A preparation method of a high-temperature stable sintered rare earth permanent magnet material comprises the following steps:

(1) preparing raw materials: according to the chemical formula LRE of the rare earth permanent magnet material in percentage by mass_aHRE_bCo_cB_dTM_eFe_{100-a-b-c-d-e}Preparing raw materials, wherein: a is more than or equal to 10 and less than or equal to 35 and 0<b≤25，28≤a+b≤36，1≤c≤35，0.8≤d≤1.5，0<e is less than or equal to 3; LRE is one or more rare earth elements of light rare earth Pr, Nd, La, Ce and Y, and LRE must contain Pr or Nd, HRE is one or more rare earth elements of heavy rare earth Gd, Tb, Dy and Ho, TM is the combination of more than two of Cu, Al, Cr, Nb, Zr, Ga, Ti, Mn, Zn, V and Mo, and Cu or Al must be contained;

(2) preparing a quick-setting tablet: putting the raw materials into a crucible of a rapid hardening furnace, carrying out vacuum induction melting under the protection of argon, keeping the temperature of 1200-1600 ℃ after the raw materials are fully melted, pouring alloy liquid onto a water-cooling rotary copper roller, and preparing a rapid hardening sheet with the average thickness of 0.2-0.4 mm;

(3) hydrogen breaking: crushing the quick-setting tablets obtained in the step (2) by using a hydrogen crushing furnace to obtain hydrogen crushed powder with the granularity of less than 1 mm;

(4) and (3) jet milling: in the protection of nitrogen, crushing hydrogen powder into magnetic powder with the average particle size of 1-4 mu m;

(5) profiling: the magnetic powder is subjected to orientation pressing forming in a magnetic field press with the temperature of more than 1.8T to obtain a neodymium iron boron blank, and then isostatic pressing treatment is carried out to obtain the neodymium iron boron blank with the density of 3-6 g/cm³The green compact of (a);

(6) and (3) sintering: sintering the pressed green body under a vacuum condition, wherein the sintering temperature is 1000-1200 ℃, and the sintering time is 2-6 h;

(7) tempering: performing primary tempering at 800-980 ℃ for 2-4 hours, and rapidly reducing the temperature of the blank to below 600 ℃ at a speed of not less than 5 ℃ per second after the primary tempering is finished; and then performing secondary tempering at 400-650 ℃ for 2-6 h to obtain a sintered rare earth permanent magnet material blank.

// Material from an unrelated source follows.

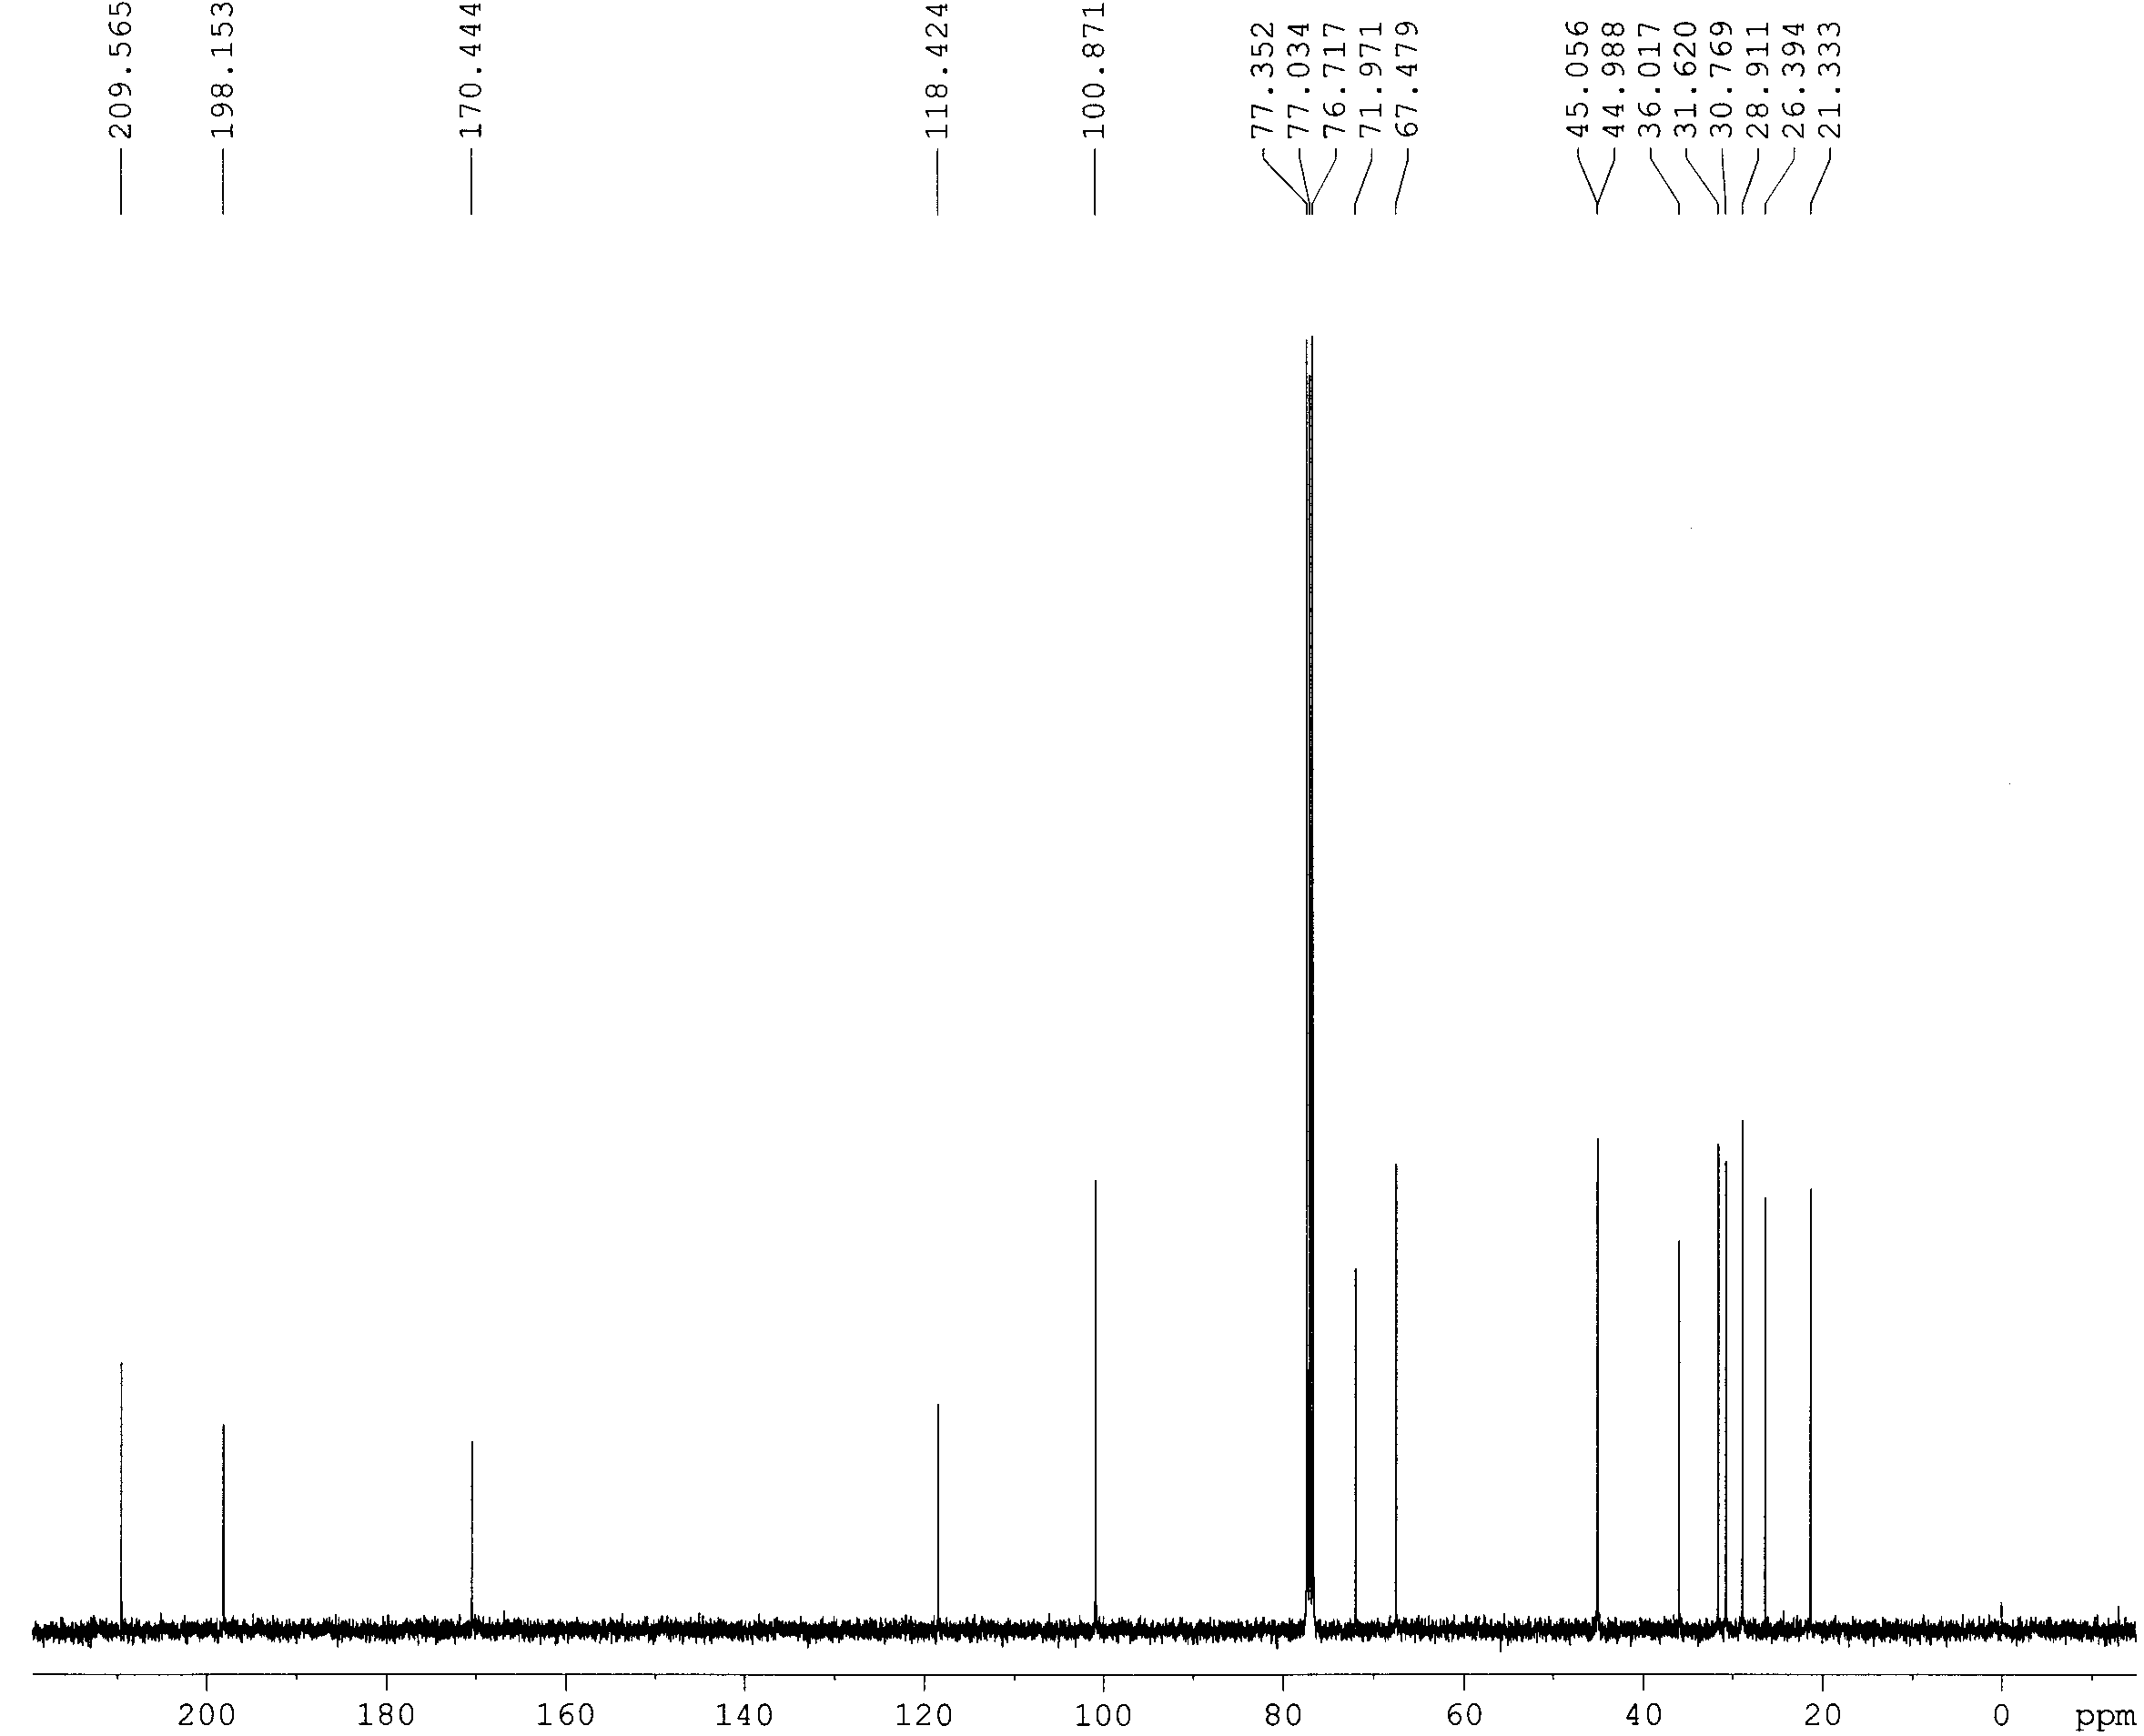 13C-NMR spectrum of compound 10

In the step (3), hydrogen is absorbed at room temperature under 0.1-0.5 MPa, and then dehydrogenation treatment is carried out, wherein the dehydrogenation temperature is 500-650 ℃, and the time is 2-6 hours.

In the step (4), the oxygen content of the magnetic powder is controlled to be 10-200 ppm.

Compared with the prior art, the invention has the beneficial effects that:

the invention provides a high-temperature stable sintered rare earth permanent magnet material, which effectively regulates and controls the magnetic moment and microstructure of the material by jointly adding heavy rare earth elements, cobalt elements and trace elements, optimizes the structure of a grain boundary phase and a grain boundary of the sintered rare earth permanent magnet material, and forms a cobalt-containing grain boundary phase and segregation of various components by controlling the component proportion of the material and the cooling speed after sintering and tempering, particularly after the sintering and tempering are finished, thereby obtaining the high-temperature stable sintered rare earth permanent magnet material with excellent comprehensive performance, which is optimized in magnetic performance, thermal stability and mechanical performance.

Drawings

FIG. 1 is a schematic diagram of SEM micro-region morphology and components of a high-temperature-stability sintered rare earth permanent magnet material of the invention;

FIG. 2 is an HR-TEM micro-area morphology and Fourier transform of a main phase and a cobalt-rich grain boundary phase of the high temperature stability sintered rare earth permanent magnet material of the present invention;

fig. 3 is a graph of demagnetization curves at different temperatures for a typical high temperature stability sintered rare earth permanent magnet material.

Detailed Description

The following further describes embodiments of the present invention with reference to the drawings. It should be noted, however, that the following examples are for illustrative purposes only, and the scope of the present invention is not limited to the following examples.